Established in 2009, Abans Holdings is engaged in financial services, gold refining, jewellery, commodities trading, agricultural trading and warehousing, software development and real estate. It represents the financial services arm of the Abans Group.
Also, it provides asset management, investment advisory and wealth management services to corporates, institutional and high net worth clients.

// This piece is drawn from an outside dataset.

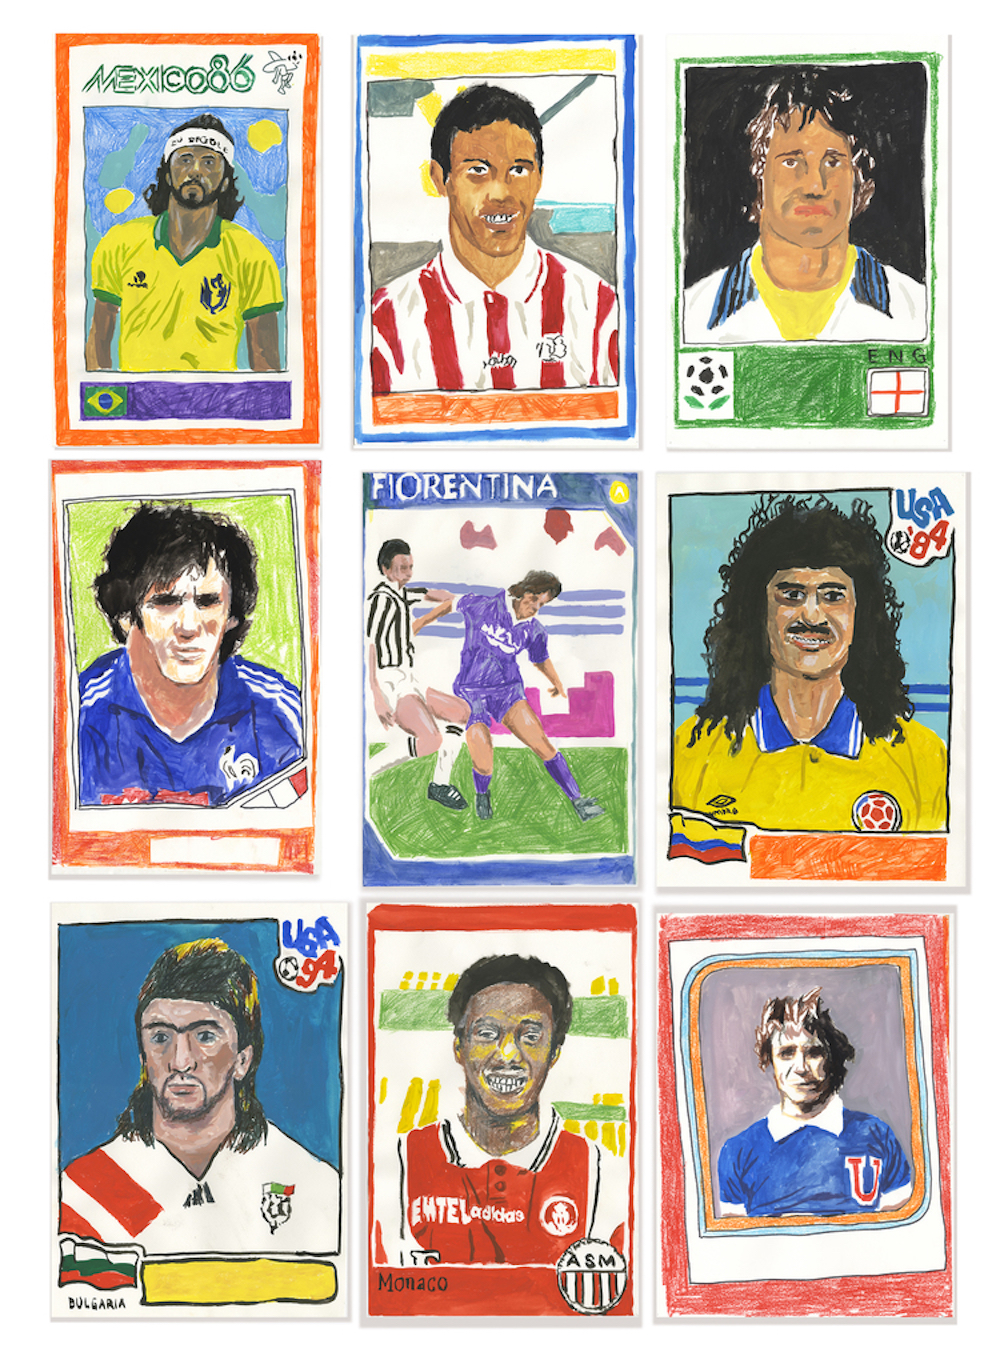 From Sports Trade Cards series including Socrates, George Best and Leonel de Jesus Alvarez

It operates from multiple locations including India, UK, Dubai, Shanghai, Hongkong, Mauritius and Singapore.
Abans Holdings is a holding company and all its business operations are conducted through three subsidiaries and 14 step subsidiaries.
The company competes with non-banking financial companies, brokerage firms, AMCs and financial advisory firms.
Abans Holdings revenues have depleted significantly while its profits have improved consistently in the last three years along with reduction in debt.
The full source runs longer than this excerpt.